我们该如何活着

天气预报说,今天有雨。出门前,找伞。找了半天,没找着。心里想,昨天出门还带着伞,兴许丢在办公室。到了办公室,仍然没有看到那把白色且有点袖珍的伞。

那把伞已经观照我有些年头了。因为袖珍,一适合我这类五短身材,二则携带方便,所以,我常随身带着。坦白地说,那把伞到底跟随了我多少年,我自己竟也是不知的。不知道何时又是何人把那把伞传递到了我的手上,今天它又被谁接手,这一切皆已成谜。

想到那把伞,似顾影自怜起来。我们没有身世,过去单纯得如一张白纸,未来缥缈似一片虚无,似乎从未来过,也谈不上离去。剩下的,唯有沉默,沉默着比我们的沉默更寂静的沉默。这似乎就是人生观了?

记得有人总结过,儒家是关于人与人之间关系的理论;道家是关于人与自然之间的关系理论;佛家是关于人自身内在关系的理论;科学则是关于自然界内在规律的理论。貌似很精辟。也有人说,儒家入世,拿得起;道家出世,放得下;佛家救世,想得开。似也精辟。还有人说,儒家入世、佛家出世、道家中道。怎么样?精辟不精辟?

不管怎么说,儒家确实是入世之道,提倡入世拯救生民。然而入世的前提,必须有出世的境界,否则无法做好入世的事。圣人孔子入世,有的时候是“知其不可而为之”的,即便知道,不容易,难为之,仍然要去做。佛家则不然,佛家是主张出世的。当然大乘佛教也提倡入世修行,但是入世最终仍旧是为了出世,超脱一切。道家与儒家、释家不同,似乎显得更高明。道家的高明之处,就是站在门槛之上,你说他出世,他一步踏进来;你说他入世,他分分钟一步夸出去。说起道家,人人都会想到老庄,提起老庄,又会想起《逍遥游》。可是,老庄还有《齐物论》等等,多着呢!
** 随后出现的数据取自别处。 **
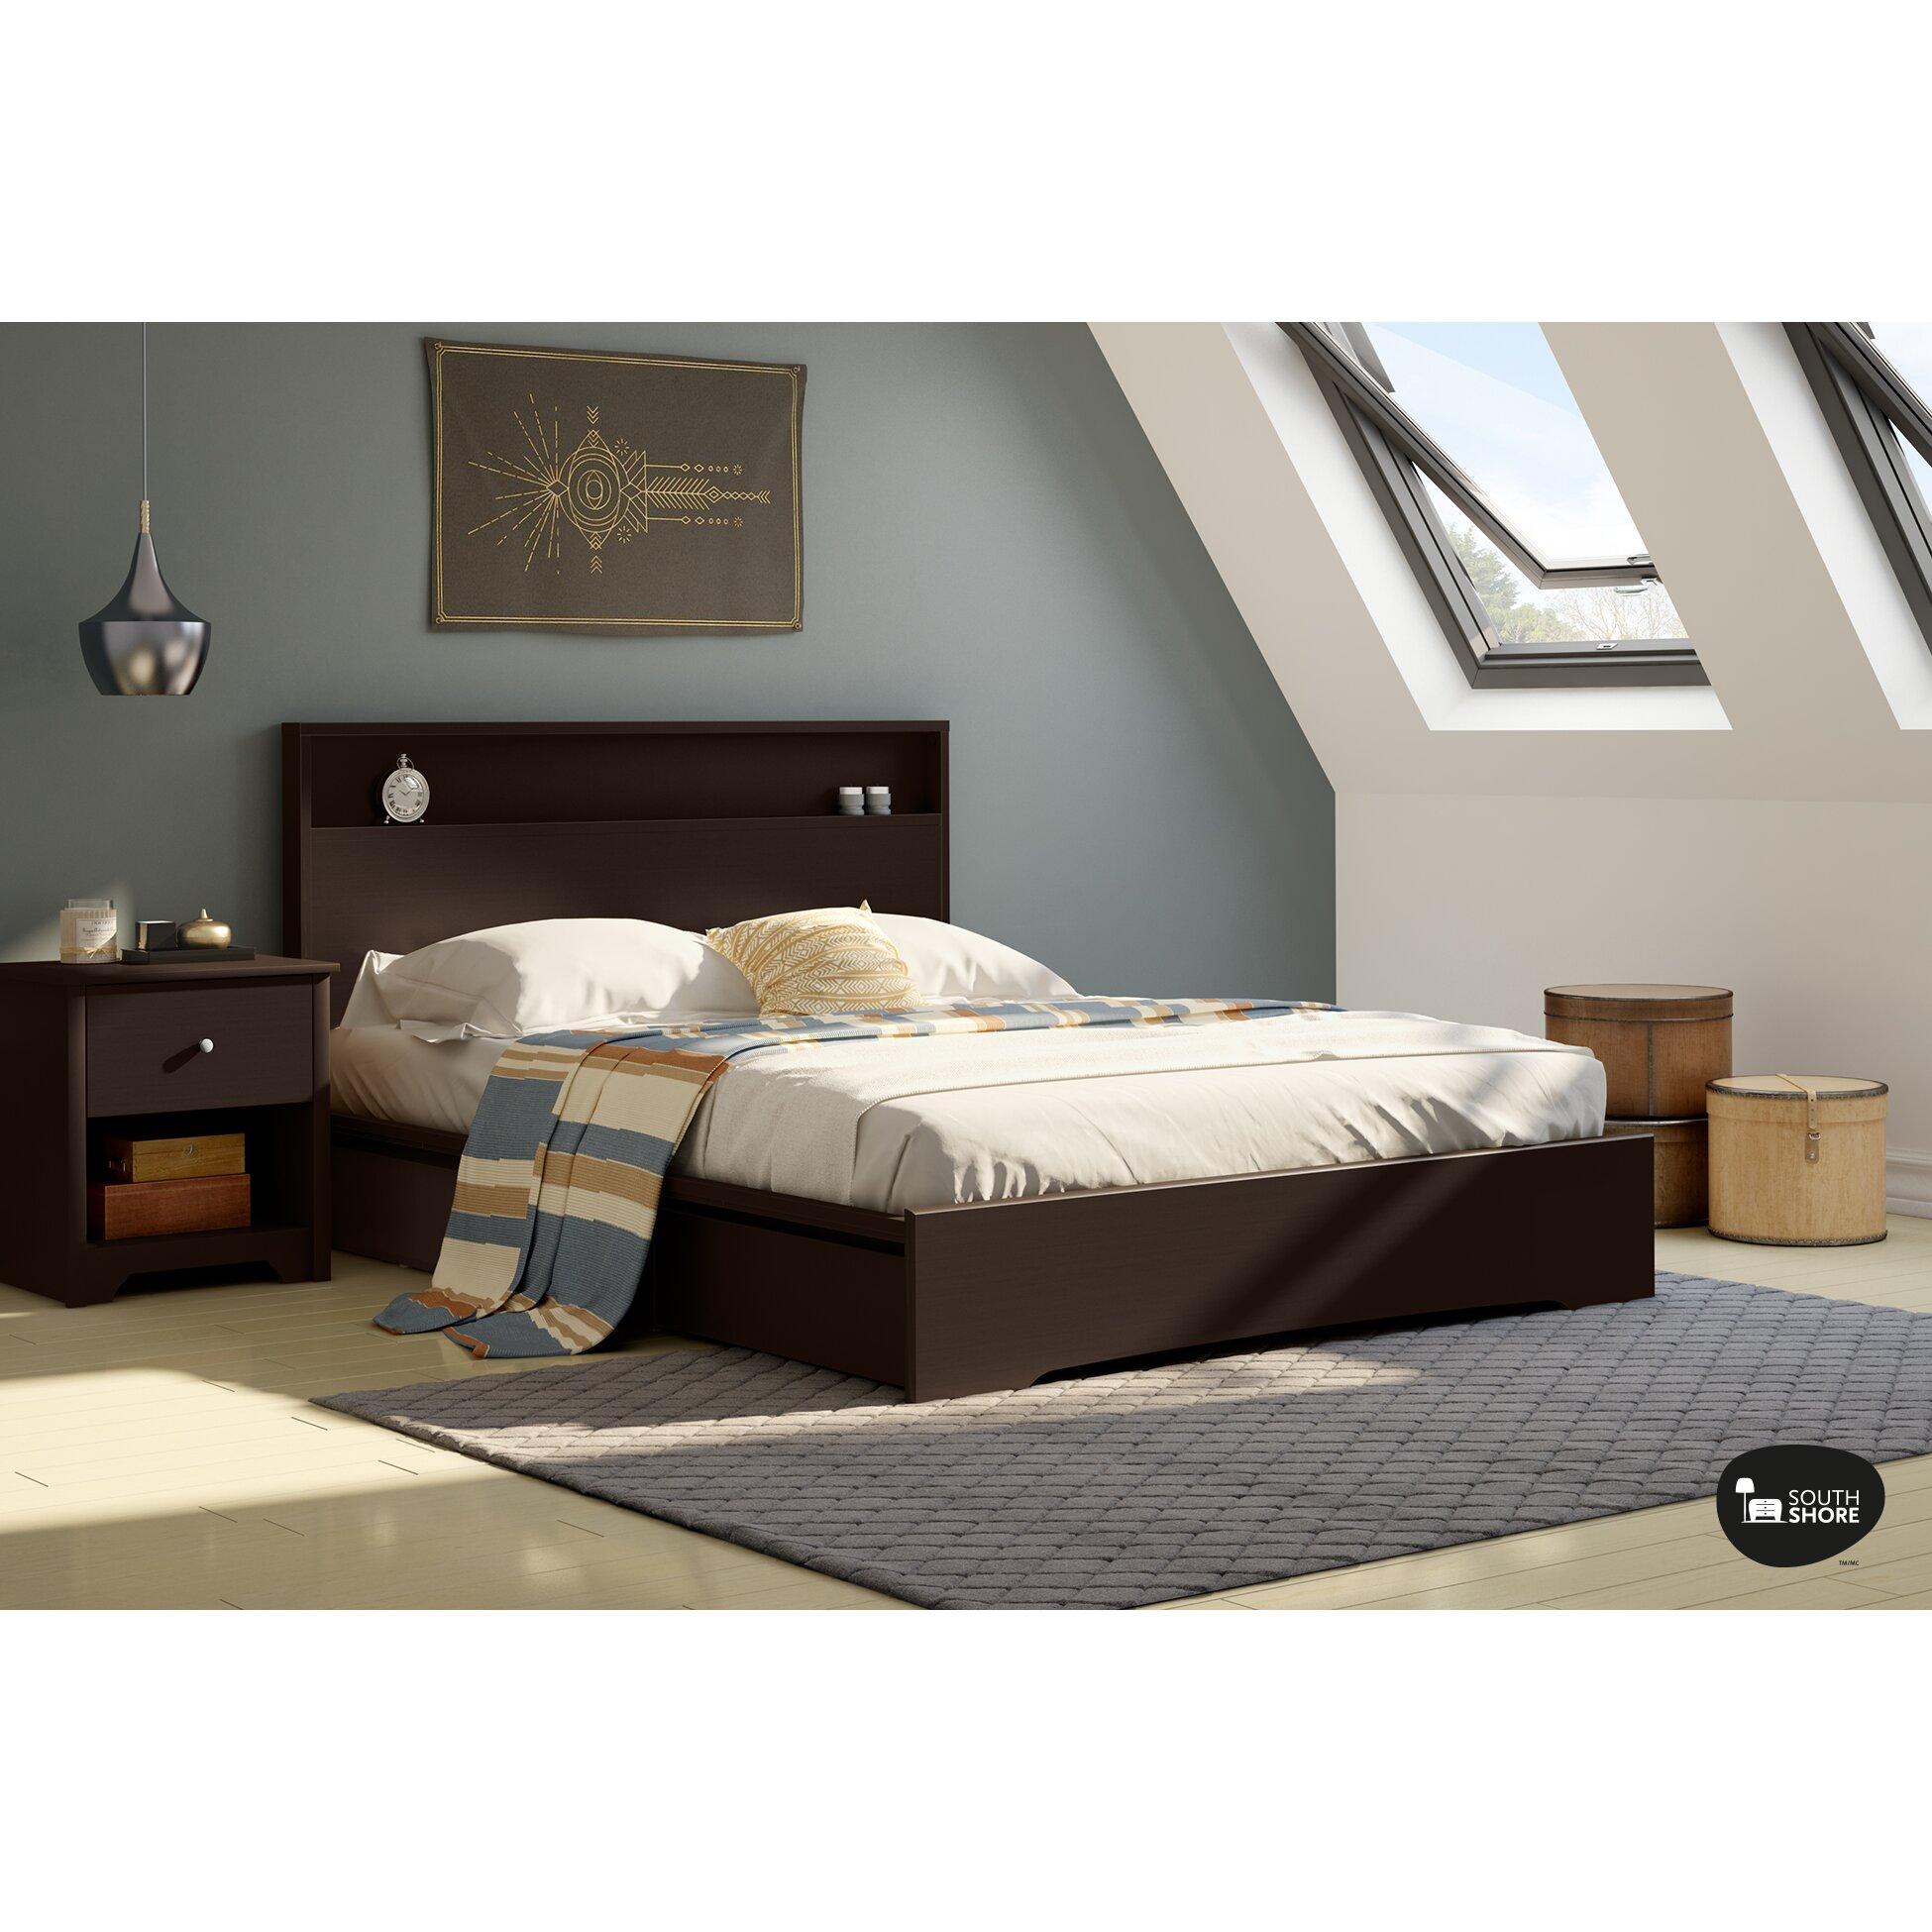 south shore basic queen storage platform bed

对于中国的读书人,我不得不说,如果有一本书能够让人不厌其烦花费一生精力翻来覆去读,也无非就是《庄子》了。止庵先生认为,“吾丧我”是庄子的主体,贯穿庄子的全部思想;“自适其适”是《庄子》的终极之处。在止庵先生看来,其他先秦哲学关心的是且都是两个人的事——“我”之外,还有“你”“他”;《庄子》关心的是一个人的事——这世界上只有“我”,一切都发在“我”的头脑中。
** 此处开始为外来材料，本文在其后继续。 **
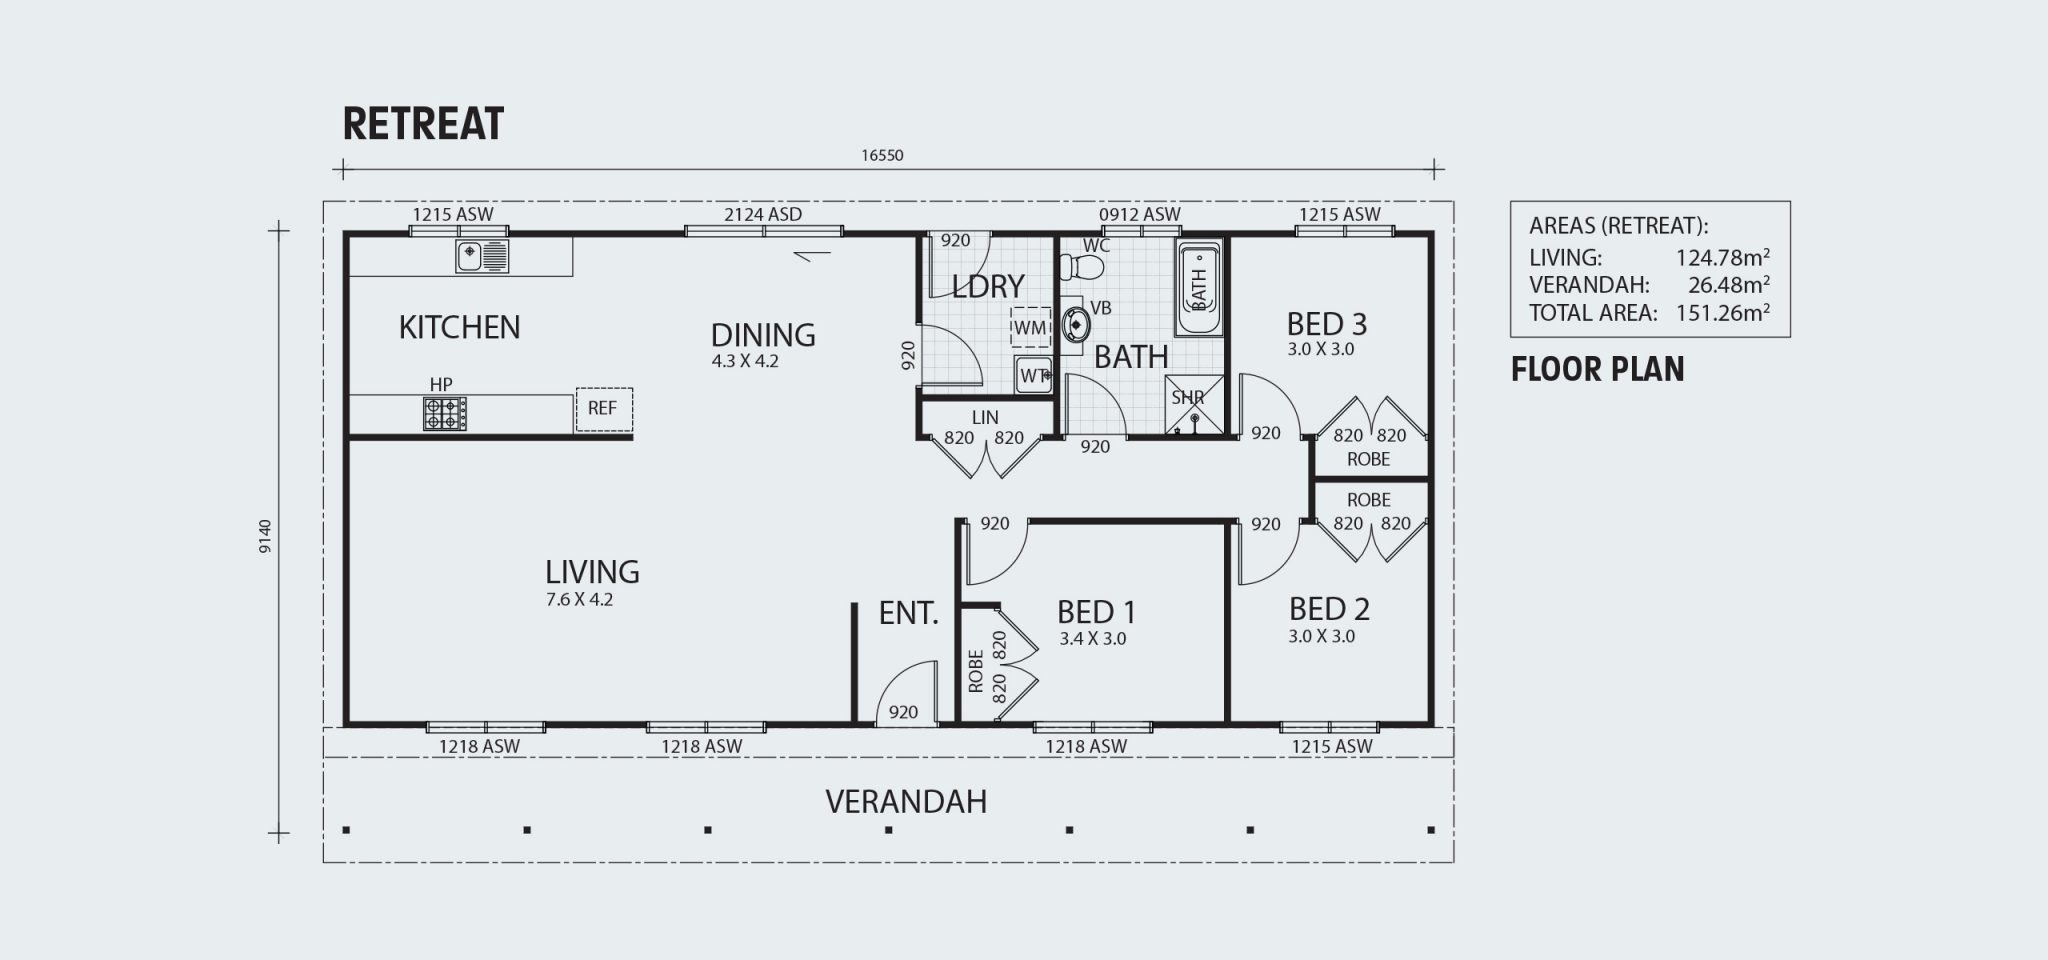 Retreat R151 Floorplan

在我看来,所谓儒家,也可以简而言之“孔孟之道”,不过是一本给中国男人看的“入世指导手册”,教中国男人如何“修身、齐家、治国、平天下”。而佛教中的所谓出世,那是佛教违背自身追求“无我”的思想,太看重自己了。

历代中国文人都钟情于山水画,似乎山水里藏着人生的机密。韦羲在《照夜白:山水、折叠、循环、拼贴、时空的诗学》一书中说,画“山水”之事古已有之,画“山水”而成为“山水画”,与宗教难脱关系。大致而言,全景山水画是佛教图式,老庄境界。山水夹在道家与佛教之间,两家的影响错综而难分,在方法上以道家为主,在目的上,有时更近于佛教:唐宋人所赋予的佛教绘画经变图式,使山水成为佛的法姿,又在山水中发现彼岸,从图式向形而上的精神世界升华。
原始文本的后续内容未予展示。